◆ Your objective ◆
From the first line of the records through the line containing "Eksjö kyrkas torn", retype every line exactly and nothing else.

[Source records]

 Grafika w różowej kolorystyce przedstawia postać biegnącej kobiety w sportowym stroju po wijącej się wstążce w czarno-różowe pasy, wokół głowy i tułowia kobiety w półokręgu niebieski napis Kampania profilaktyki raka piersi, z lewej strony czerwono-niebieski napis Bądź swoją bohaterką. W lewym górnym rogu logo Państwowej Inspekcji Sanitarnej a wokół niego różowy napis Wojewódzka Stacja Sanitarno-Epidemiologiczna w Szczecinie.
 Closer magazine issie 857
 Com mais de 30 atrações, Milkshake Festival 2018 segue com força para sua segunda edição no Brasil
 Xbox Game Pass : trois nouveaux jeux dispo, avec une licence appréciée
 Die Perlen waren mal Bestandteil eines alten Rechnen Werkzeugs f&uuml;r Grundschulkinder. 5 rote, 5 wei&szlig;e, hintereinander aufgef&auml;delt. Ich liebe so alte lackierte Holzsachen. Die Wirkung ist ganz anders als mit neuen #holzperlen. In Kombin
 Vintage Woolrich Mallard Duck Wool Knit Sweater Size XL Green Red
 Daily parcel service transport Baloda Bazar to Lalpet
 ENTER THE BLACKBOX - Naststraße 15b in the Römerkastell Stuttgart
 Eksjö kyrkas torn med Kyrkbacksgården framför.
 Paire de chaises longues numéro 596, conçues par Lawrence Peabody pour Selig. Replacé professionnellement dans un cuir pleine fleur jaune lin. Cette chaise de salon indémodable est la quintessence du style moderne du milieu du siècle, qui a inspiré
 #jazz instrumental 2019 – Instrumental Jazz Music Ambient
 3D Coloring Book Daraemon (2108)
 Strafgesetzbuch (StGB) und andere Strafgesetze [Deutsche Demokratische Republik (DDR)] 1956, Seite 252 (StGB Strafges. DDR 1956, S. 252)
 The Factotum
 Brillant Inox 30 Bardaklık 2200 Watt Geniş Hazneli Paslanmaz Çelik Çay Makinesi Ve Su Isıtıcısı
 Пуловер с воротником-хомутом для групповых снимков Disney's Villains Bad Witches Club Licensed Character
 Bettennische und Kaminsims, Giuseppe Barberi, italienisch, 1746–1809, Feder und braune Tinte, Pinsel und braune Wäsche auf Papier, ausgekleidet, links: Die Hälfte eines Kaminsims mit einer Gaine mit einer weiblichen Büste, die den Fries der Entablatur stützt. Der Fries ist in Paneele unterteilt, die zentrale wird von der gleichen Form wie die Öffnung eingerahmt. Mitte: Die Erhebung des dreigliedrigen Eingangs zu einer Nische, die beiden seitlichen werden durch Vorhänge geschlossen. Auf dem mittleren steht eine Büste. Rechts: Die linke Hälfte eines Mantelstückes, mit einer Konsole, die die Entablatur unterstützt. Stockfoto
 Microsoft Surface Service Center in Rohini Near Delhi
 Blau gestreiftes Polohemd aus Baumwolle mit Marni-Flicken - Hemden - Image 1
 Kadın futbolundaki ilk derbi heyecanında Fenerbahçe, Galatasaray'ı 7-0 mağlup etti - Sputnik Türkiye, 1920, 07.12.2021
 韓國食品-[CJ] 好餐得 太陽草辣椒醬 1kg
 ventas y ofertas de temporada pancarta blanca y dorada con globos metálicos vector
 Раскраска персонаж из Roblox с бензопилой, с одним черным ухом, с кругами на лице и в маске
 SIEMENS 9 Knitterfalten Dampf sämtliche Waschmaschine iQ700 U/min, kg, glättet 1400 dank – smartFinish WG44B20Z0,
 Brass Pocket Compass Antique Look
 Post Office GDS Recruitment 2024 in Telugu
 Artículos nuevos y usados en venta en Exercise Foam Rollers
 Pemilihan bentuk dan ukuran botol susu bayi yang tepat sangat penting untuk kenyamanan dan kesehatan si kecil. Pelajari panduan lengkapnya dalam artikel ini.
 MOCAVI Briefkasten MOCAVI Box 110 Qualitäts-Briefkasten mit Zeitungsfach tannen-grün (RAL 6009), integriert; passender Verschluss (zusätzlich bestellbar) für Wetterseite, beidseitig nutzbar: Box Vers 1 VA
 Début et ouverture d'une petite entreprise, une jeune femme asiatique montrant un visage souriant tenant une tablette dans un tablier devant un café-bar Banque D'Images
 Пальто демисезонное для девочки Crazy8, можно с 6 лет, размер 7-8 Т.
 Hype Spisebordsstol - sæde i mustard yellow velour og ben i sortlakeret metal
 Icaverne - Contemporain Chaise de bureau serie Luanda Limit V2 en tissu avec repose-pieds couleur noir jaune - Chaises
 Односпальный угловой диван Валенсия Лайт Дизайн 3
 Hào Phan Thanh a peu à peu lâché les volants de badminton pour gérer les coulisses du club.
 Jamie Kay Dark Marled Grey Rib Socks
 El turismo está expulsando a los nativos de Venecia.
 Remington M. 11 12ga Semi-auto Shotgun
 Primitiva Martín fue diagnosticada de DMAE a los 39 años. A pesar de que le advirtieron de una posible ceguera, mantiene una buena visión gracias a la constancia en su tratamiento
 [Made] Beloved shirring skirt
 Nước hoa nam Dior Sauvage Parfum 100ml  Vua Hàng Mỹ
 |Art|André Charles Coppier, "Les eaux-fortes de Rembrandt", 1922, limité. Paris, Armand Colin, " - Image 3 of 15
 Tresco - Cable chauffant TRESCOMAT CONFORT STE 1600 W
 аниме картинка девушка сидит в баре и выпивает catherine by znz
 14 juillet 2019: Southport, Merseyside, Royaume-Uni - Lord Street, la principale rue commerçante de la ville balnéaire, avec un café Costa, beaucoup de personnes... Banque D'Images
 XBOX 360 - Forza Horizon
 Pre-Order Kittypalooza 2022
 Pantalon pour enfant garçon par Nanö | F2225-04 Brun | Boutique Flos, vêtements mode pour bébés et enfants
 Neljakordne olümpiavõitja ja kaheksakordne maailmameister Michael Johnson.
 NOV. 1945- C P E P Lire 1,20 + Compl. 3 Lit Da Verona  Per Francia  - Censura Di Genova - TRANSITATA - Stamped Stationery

◆ Response box ◆
 Grafika w różowej kolorystyce przedstawia postać biegnącej kobiety w sportowym stroju po wijącej się wstążce w czarno-różowe pasy, wokół głowy i tułowia kobiety w półokręgu niebieski napis Kampania profilaktyki raka piersi, z lewej strony czerwono-niebieski napis Bądź swoją bohaterką. W lewym górnym rogu logo Państwowej Inspekcji Sanitarnej a wokół niego różowy napis Wojewódzka Stacja Sanitarno-Epidemiologiczna w Szczecinie.
 Closer magazine issie 857
 Com mais de 30 atrações, Milkshake Festival 2018 segue com força para sua segunda edição no Brasil
 Xbox Game Pass : trois nouveaux jeux dispo, avec une licence appréciée
 Die Perlen waren mal Bestandteil eines alten Rechnen Werkzeugs f&uuml;r Grundschulkinder. 5 rote, 5 wei&szlig;e, hintereinander aufgef&auml;delt. Ich liebe so alte lackierte Holzsachen. Die Wirkung ist ganz anders als mit neuen #holzperlen. In Kombin
 Vintage Woolrich Mallard Duck Wool Knit Sweater Size XL Green Red
 Daily parcel service transport Baloda Bazar to Lalpet
 ENTER THE BLACKBOX - Naststraße 15b in the Römerkastell Stuttgart
 Eksjö kyrkas torn med Kyrkbacksgården framför.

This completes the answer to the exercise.